Today is going to be a good day.
That’s what I have to keep telling myself each day when I feel myself starting to slip into The Bad Place. The Bad Place, the place I vowed never to go back to after moving past The Bad Place years ago. I first went to The Bad Place when I found out my grandmother had colon cancer right before I began my junior year of high school. I should probably mention that I found out about my grandmother’s diagnosis on my sixteenth birthday. See, my aunt came to drop off my birthday present from my grandmother, a simple yet elegant gold band, and after a lull in the typical birthday-day questions, she just blurted it out: “Nana has cancer.” My parents had agreed to tell me after school started, to make sure I had adjusted to junior year before finding out the news, but the news came to me in the form of a true birthday surprise.
I spent my junior year in The Bad Place, a state of numbness from the world, not caring that much because my grandmother, the woman who was such a significant part of my life, had cancer and was dying. At times, I would visualize The Bad Place. Dark, dimly lit woods, and a path surrounded by barren trees on all sides. Ahead, a light. Although bright, it is so far, and no matter how far I walk, it remains ever distant. Other times, I would imagine myself caught in the ocean, clinging to a narrow rock while a storm churns the water, blasting me with heavy waves, winds, and rain.

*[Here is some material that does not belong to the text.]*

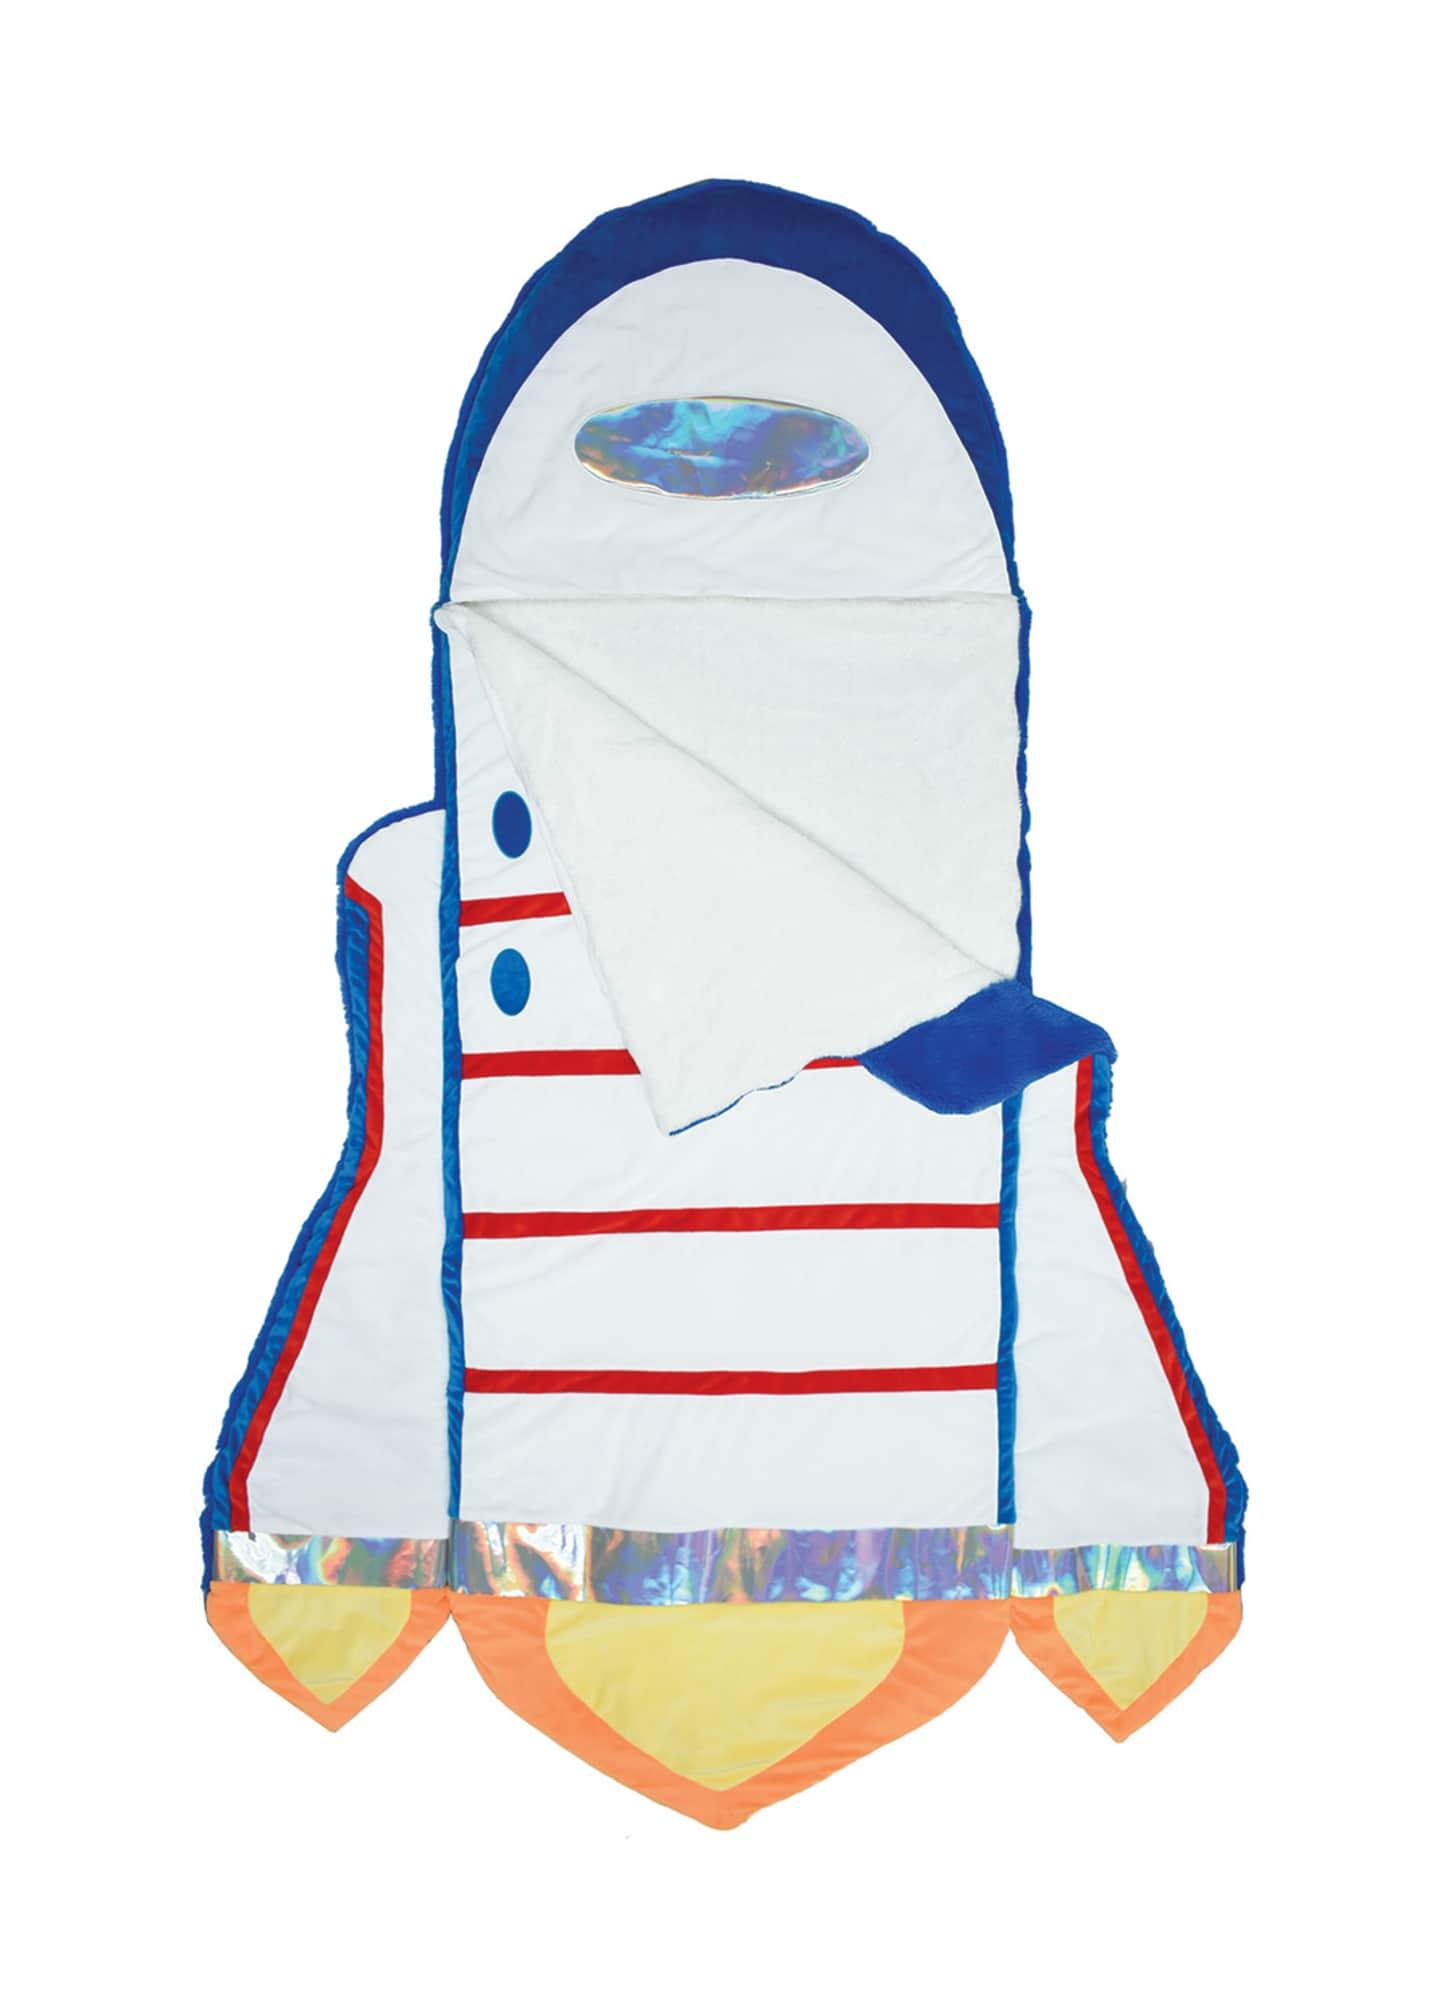 Iscream Space Shuttle Sleeping Bag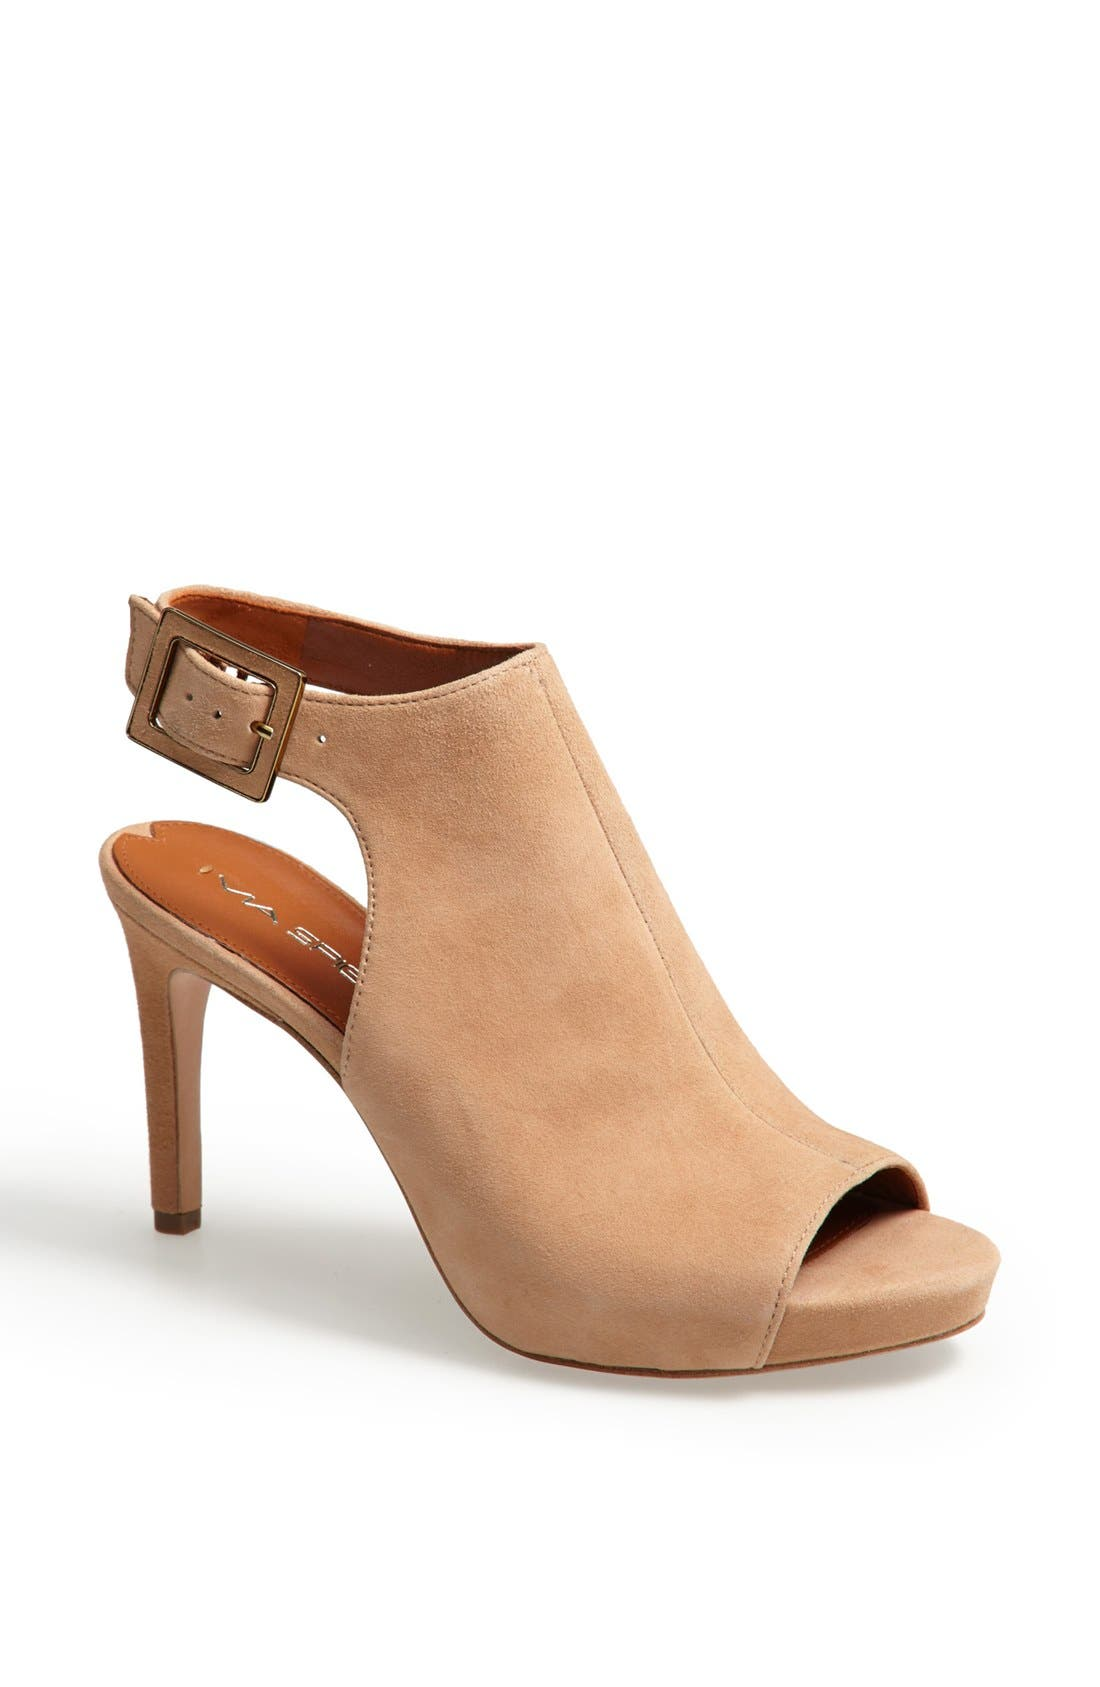 'Nino' Ankle Strap Sandal,                         Main,                         color, Desert Suede

Now, I cling to the good days. I treasure the moments that take my mind away from The News, that reaffirm that it will get better, that God is protecting my family and will care for us, and when I don’t feel like I’m moving towards The Bad Place. Because I can’t go back to The Bad Place. I need to remain in The Good Place for my family, so that I can continue to remain strong for them, no matter how downtrodden I may feel on the inside. I have people depending on me; and so, if I won’t remain in The Good Place for me, I will do it for them.
Thankfully, over the years I have grown to love The Good Place as my place of choice. And so, I will continue to fight for the good days.